▶ **Task directions**
Copy out exactly the lines beginning with the one that contains "Pierwsza podróż kamperem" and ending at the last line of the listing, skipping any pictures.

▶ **Data provided**
*** Block opens ***
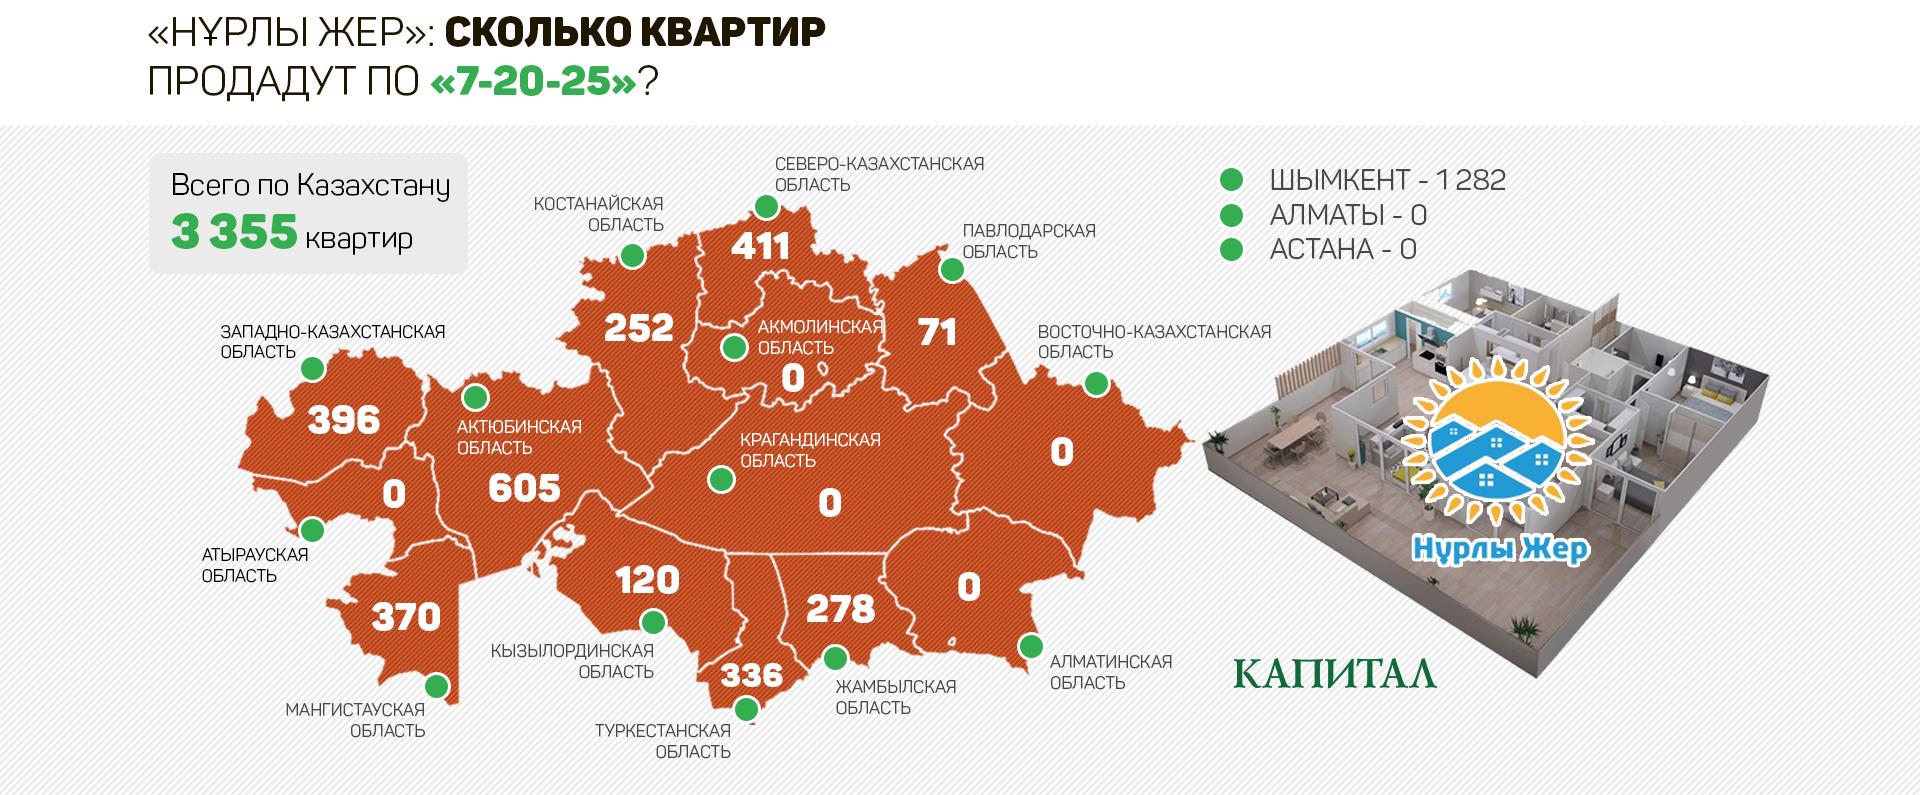 kmf банк беззалоговый кредит в алматинской области
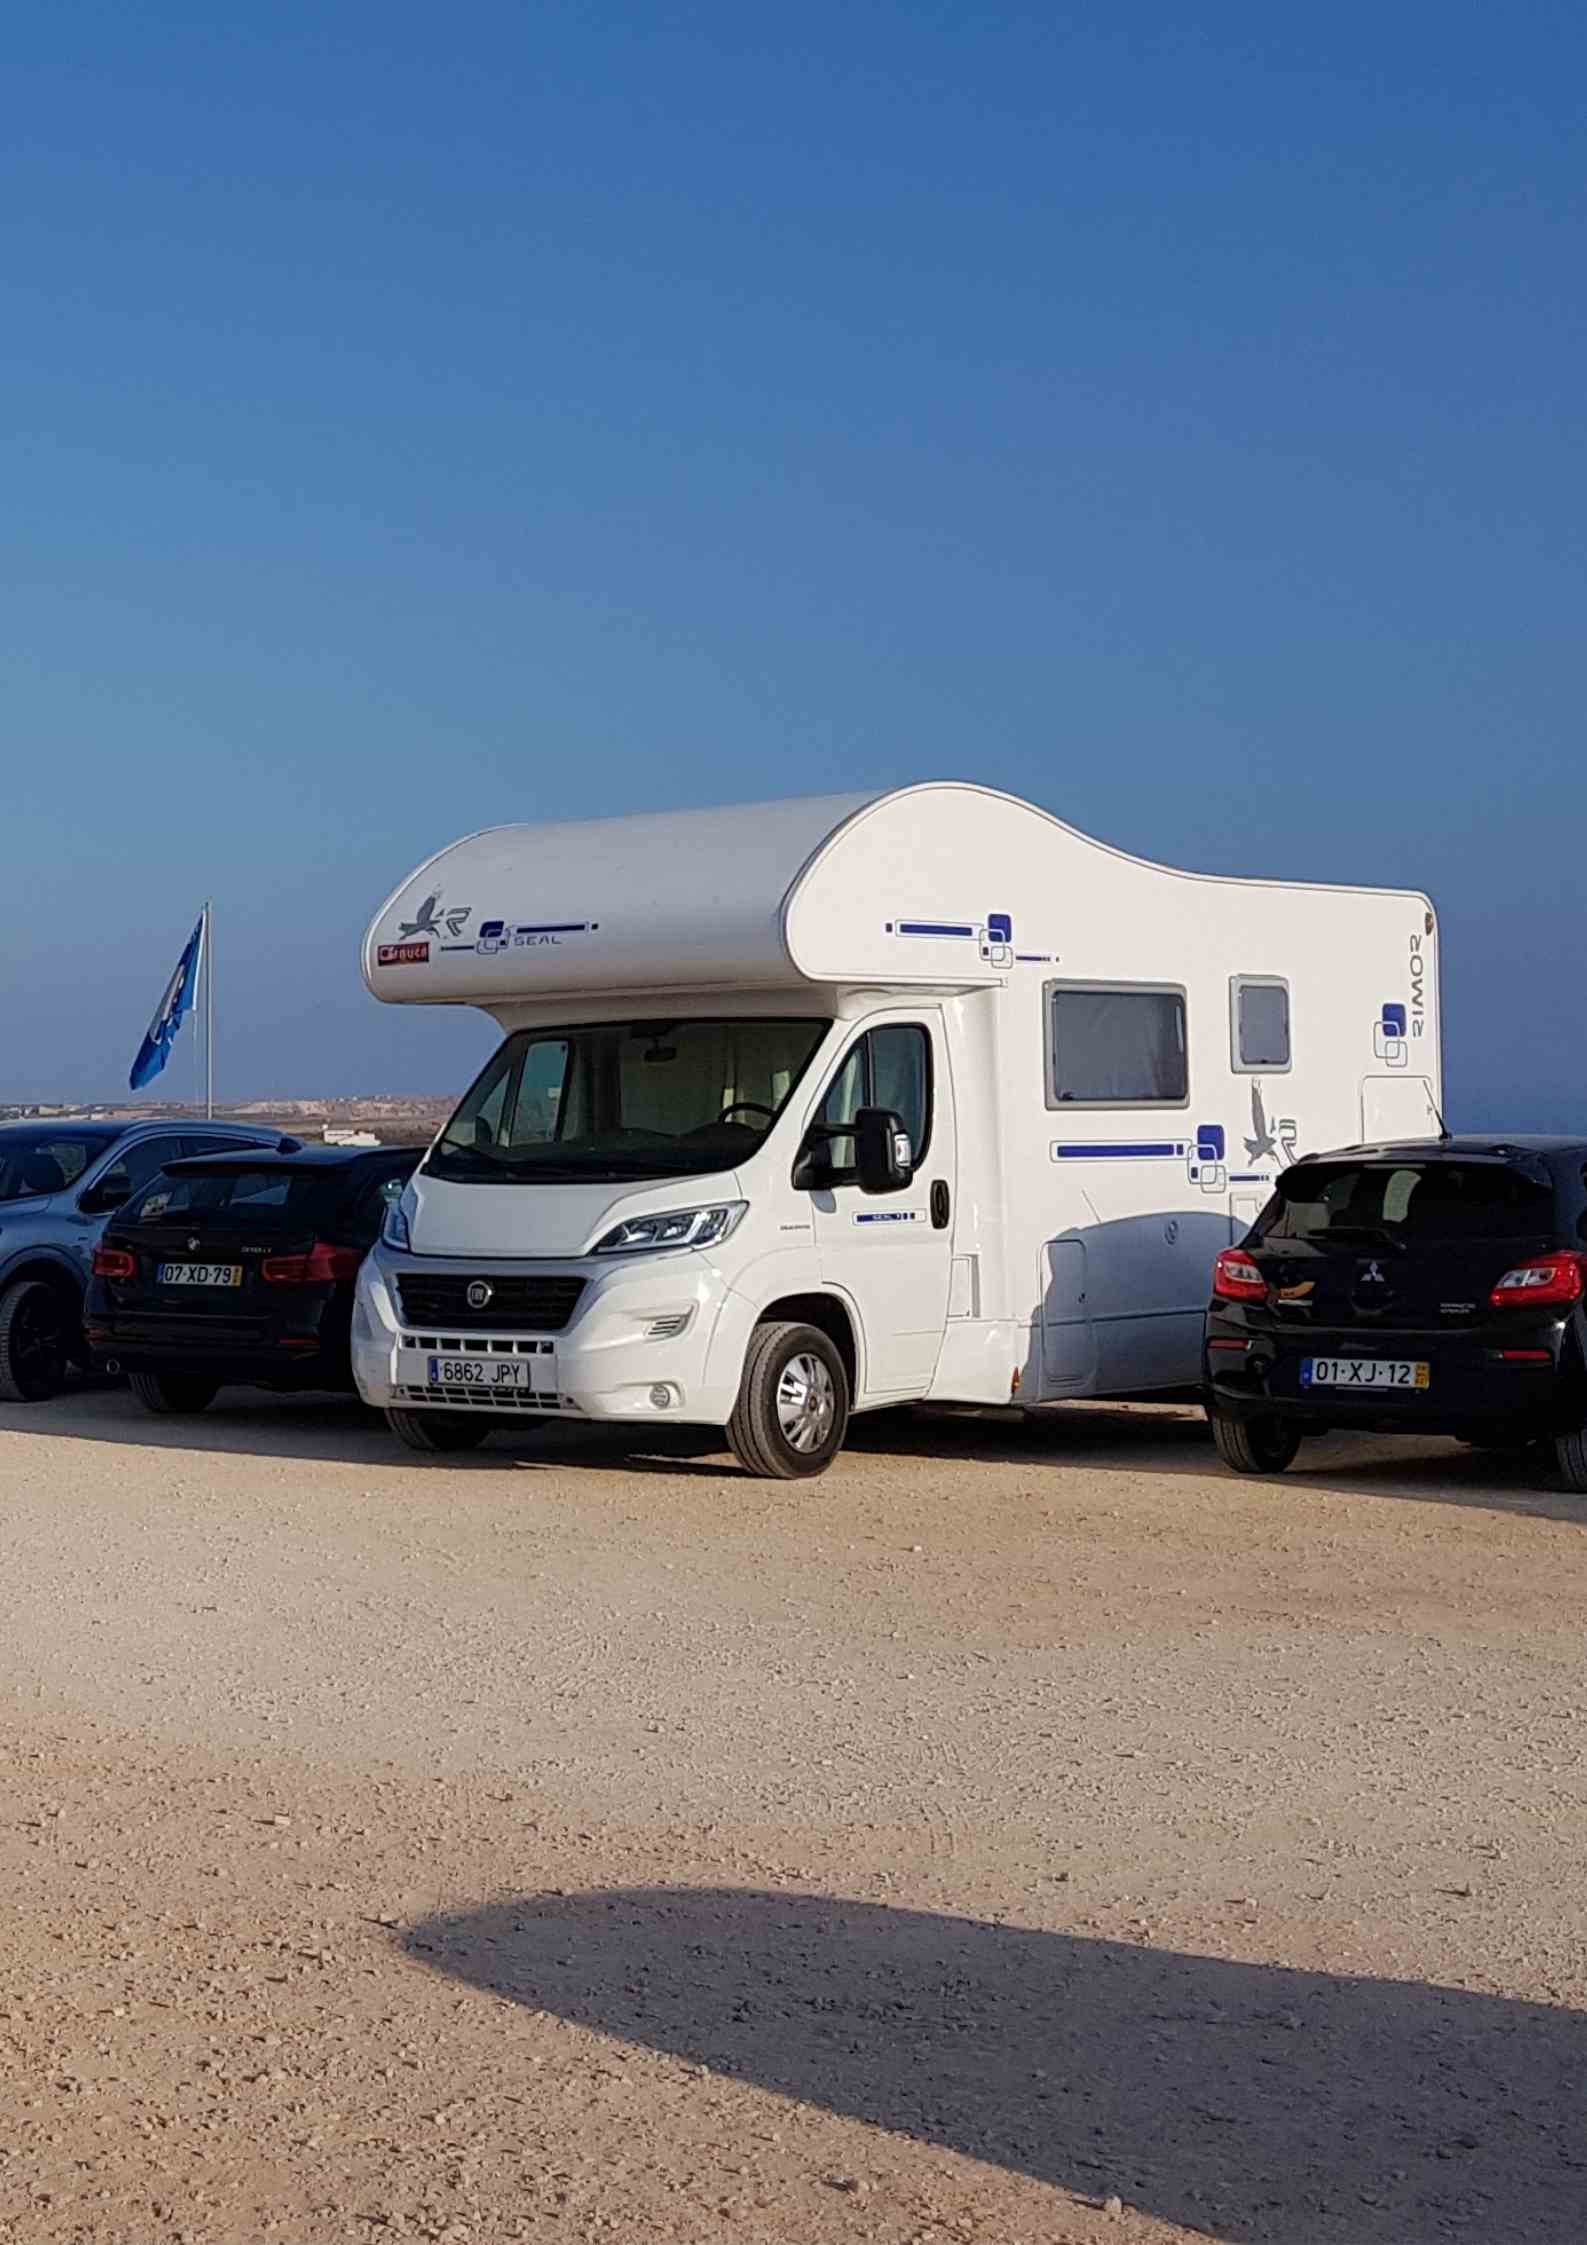 Pierwsza podróż kamperem - miejsca do parkowania
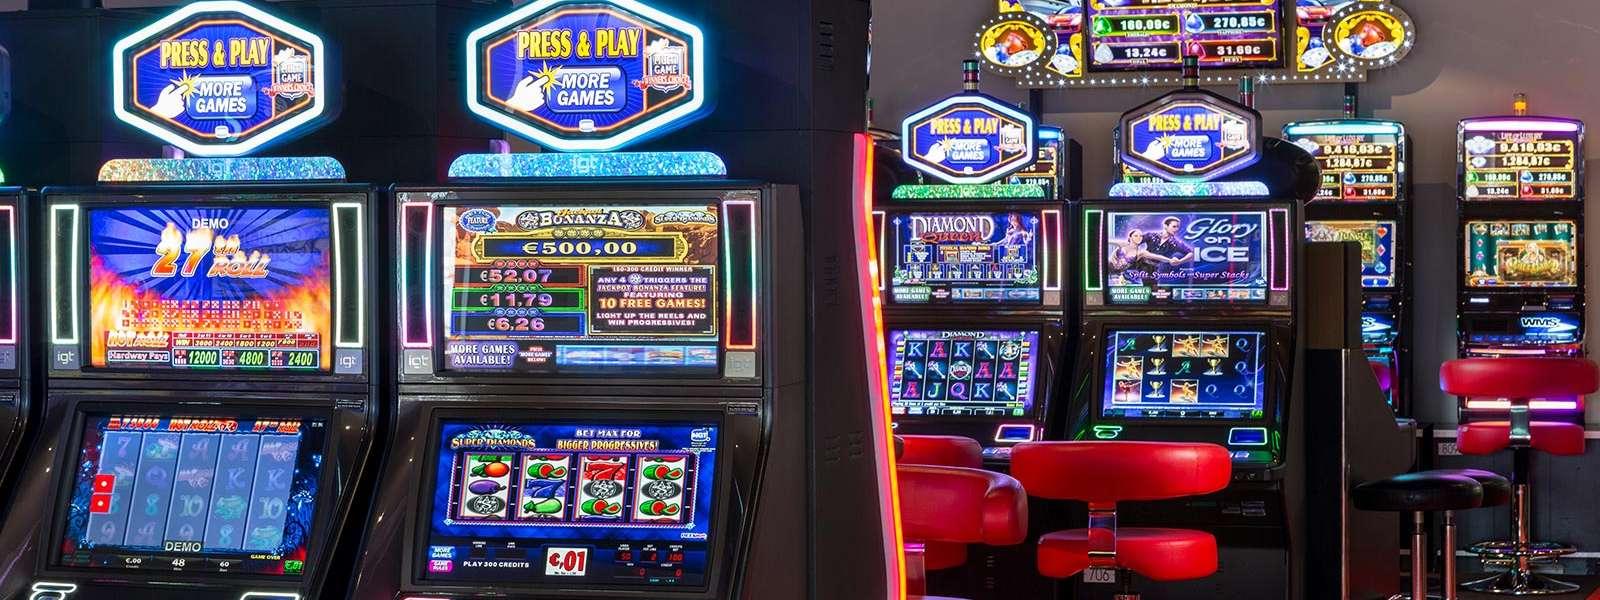 Casino Barrière, machines à sous, Niederbronn-les-Bains, Alsace
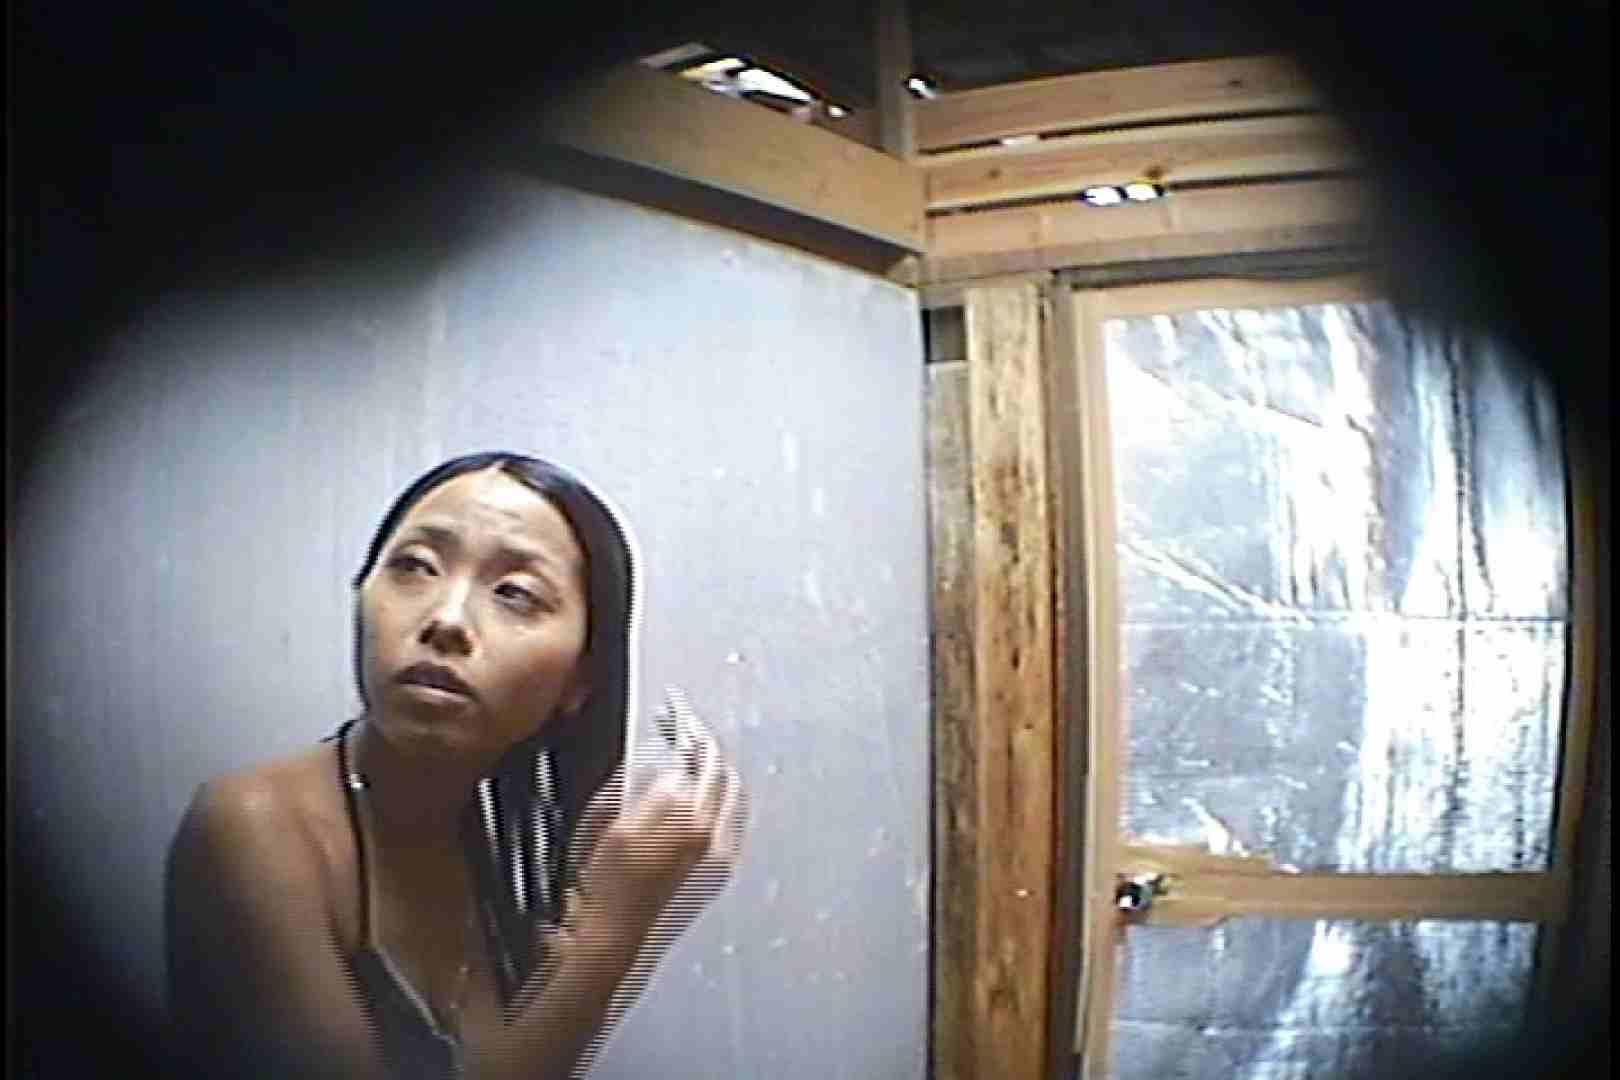 海の家の更衣室 Vol.45 OLの実態 盗撮われめAV動画紹介 90pic 56
*** Block closes ***
▶ **Result below**
 Pierwsza podróż kamperem - miejsca do parkowania
 Casino Barrière, machines à sous, Niederbronn-les-Bains, Alsace
 海の家の更衣室 Vol.45 OLの実態 盗撮われめAV動画紹介 90pic 56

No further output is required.